The first meeting of the "Low Vision Interest Group" was in 1975 at the American Association of Workers for the Blind (AAWB) conference in Atlanta, Georgia. This group was started by interested parties who obtained at least 30 names on a petition to start a new Division. The Board of Directors of AAWB responded by approving the development of the Division. The Division was interdisciplinary from its beginnings. Officers and early presenters at these meetings were professionals from the fields of orientation and mobility, optometry, rehabilitation teaching, special education for the visually impaired, and psychology. This special interest in low vision was a reflection of jobs being created for professionals in low vision education and rehabilitation in the Blind Rehabilitation Centers of the Veterans Administration, agencies for the blind, and in low vision clinics. The creation of these positions was a reflection of the understanding that using vision is a learned skill, and can therefore be taught, and that many people require education or rehabilitation intervention in order to learn how to use vision and devices successfully. These jobs in low vision education and rehabilitation required special knowledge and skills that were not taught in many of the personnel preparatory programs at that time. In-service training, self-study, on-the-job training, and observation in established low vision clinics were some of the ways that many vision education and rehabilitation professionals began to obtain their knowledge, and began to practice the craft of low vision. The burgeoning group of low vision education and rehabilitation professionals developed new assessment and intervention techniques. Professionals who practiced low vision education and rehabilitation continued to reflect the diversity of the many disciplines.
In 1980, the American Association of Workers for the Blind merged with the Association of Educators for the Visually Handicapped to become the Association for the Education and Rehabilitation of the Blind and Visually Impaired (AER). In the late 1980s, the officers of Division VII (Low Vision) of AER began to discuss the development of a specific credential for the growing numbers of vision education and rehabilitation professionals who incorporated low vision into their practice.

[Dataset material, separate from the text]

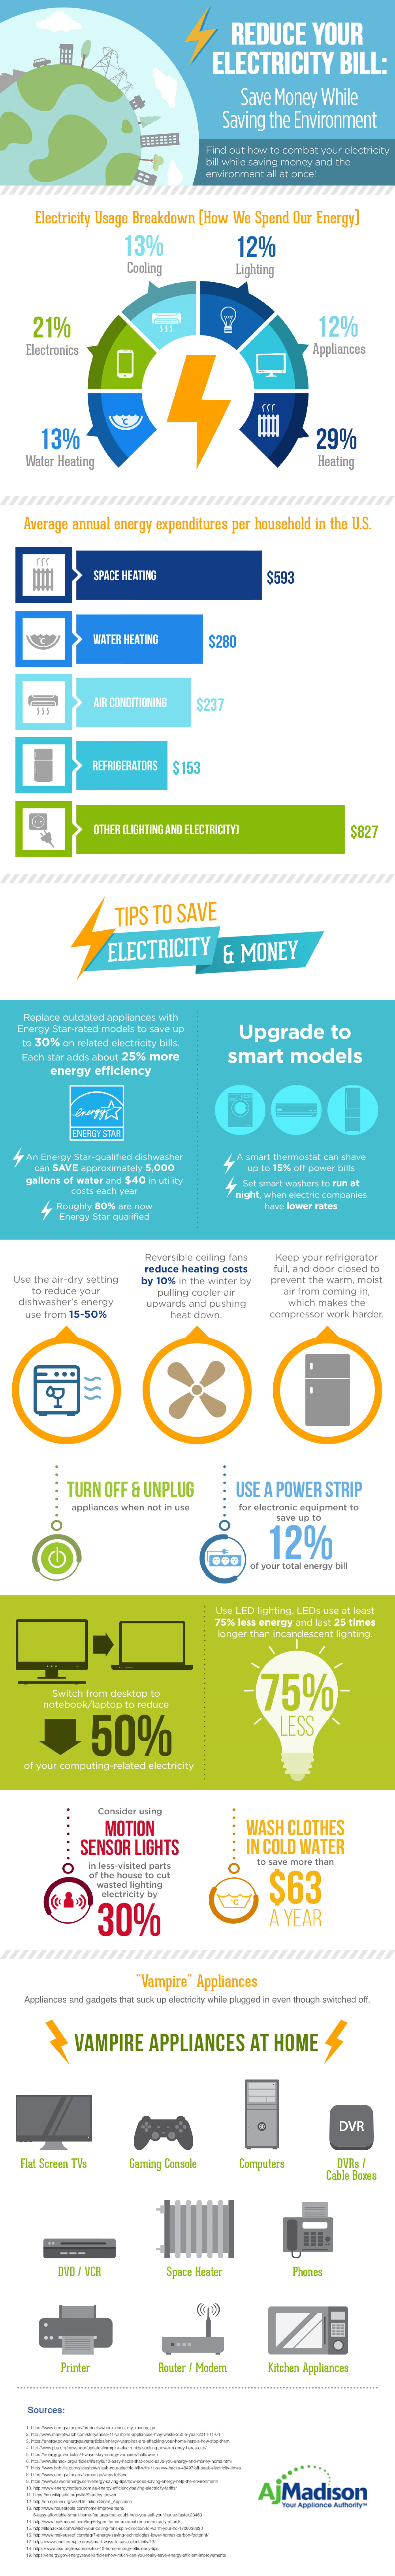 1st Light Energy | The 12+ Best Money-Saving Energy Hacks to

To request the establishment of a new certification program, Division VII followed the procedures established by the Board of Directors of AER. The following were required:
The officers of Division VII began the process in l989 by conducting a survey of its members concerning the certification of professionals providing low vision services. Eighty-eight percent of those responding wanted AER to provide certification in low vision. The Division VII Certification Committee was established based on the strong input from Division VII members.

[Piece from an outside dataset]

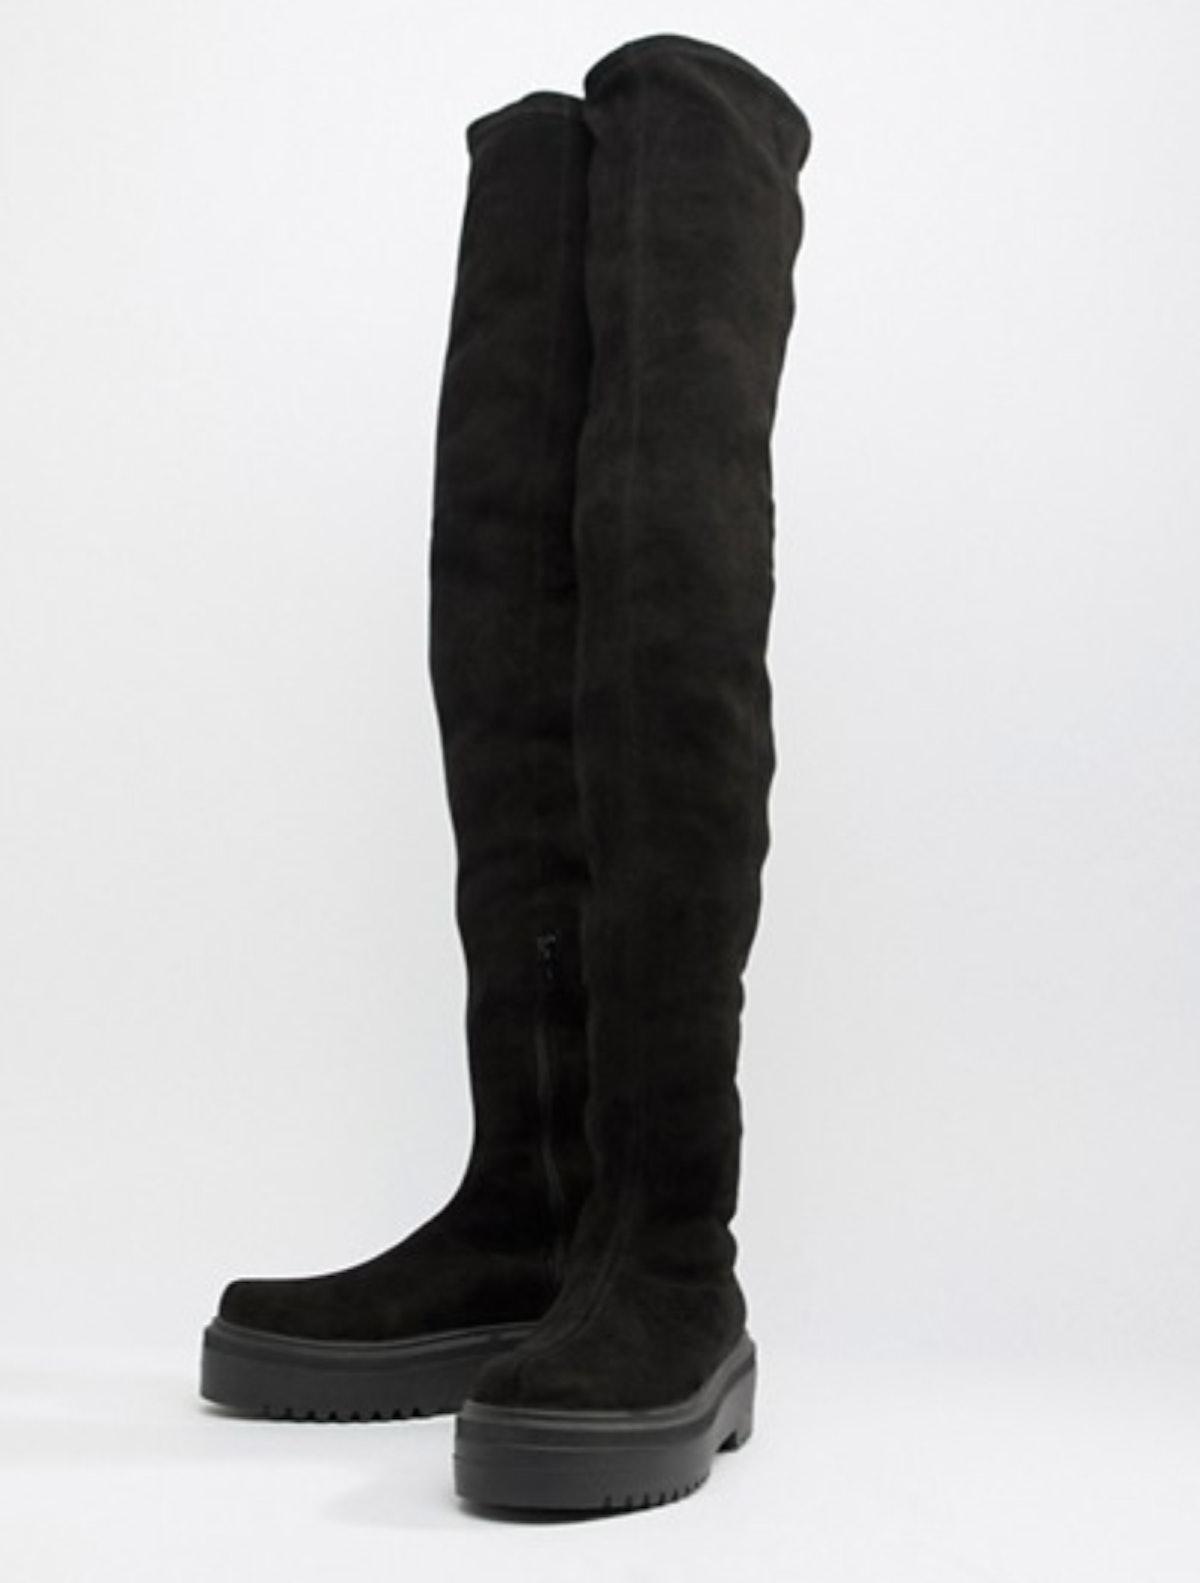 ASOS DESIGN Kami Flat Chunky Over The Knee Boots

Because of the diversity of the professionals working in the area of low vision, the Division VII Chair and Division VII Certification Committee Chair decided that the Division VII Certification Committee should be comprised of people representative of the disciplines active in low vision. In l991, the committee was formed with members representing orientation and mobility, special education for the visually impaired, optometry, rehabilitation counseling, and rehabilitation teaching. Members were representative of the geography of the U.S. and Canada.
The work of the Division VII Certification Committee was to develop a Rationale for Certification, a Code of Ethics, Standards of Professional Behavior, a Low Vision Body of Knowledge, and Requirements for Initial and Renewable Certification. Drafts of these documents were developed in committee and presented to Division VII members during business meetings at international conferences and through the Division VII newsletter. After revisions, all documents were approved by the voting membership of Division VII by 1994.
The Division VII Certification Committee developed questions for the written examination and invited the community of low vision professionals in eye care, education, rehabilitation, and counseling to submit questions as well. Several forms of the exam were assembled from this bank of questions to correspond to the Body of Knowledge. Reliability and validity of the several forms was established and a biostatistician consulted on the evaluation of the written examination. An analysis of difficulty for individual items was conducted and this information was used to modify or eliminate certain questions from future revisions of the test. The reader is referred to Watson, Quillman, Flax, and Gerritsen (1999) for more details.
The Division VII Certification Committee Chair and the AER Certification Review Committee presented the package for Certification of Low Vision Therapists to the AER Board of Directors at their meeting in St. Louis in May l997. A vote was taken among board members and the certification was approved.
The first low vision therapist certificates were issued in September of 1997 to those individuals who received passing scores during the reliability and validity study and had completed the application process. In the autumn of 1997, the first approved low vision therapist certification examinations were given. Those who received passing scores and completed the application process were certified in December of 1997.
In l998, the formation of a Division VII Ethics Committee was voted upon and passed by the Division. A chair of that committee was appointed. The Chair of the Division and the Chair of the Ethics Committee wrote an Ethics Violation Mediation Policy. This policy was discussed and approved at the Business meeting of Division VII during the AER International Conference in July, l998.
In January 2000, the Academy for the Certification of Vision Rehabilitation and Education Professionals was established as an independent and autonomous legal certification body. The certification of low vision therapists was transferred from AER to the Academy on December 2, 2000.
In 2004, ACVREP developed and beta tested a new Low Vision Therapy exam. The first new exam was administered in 2005.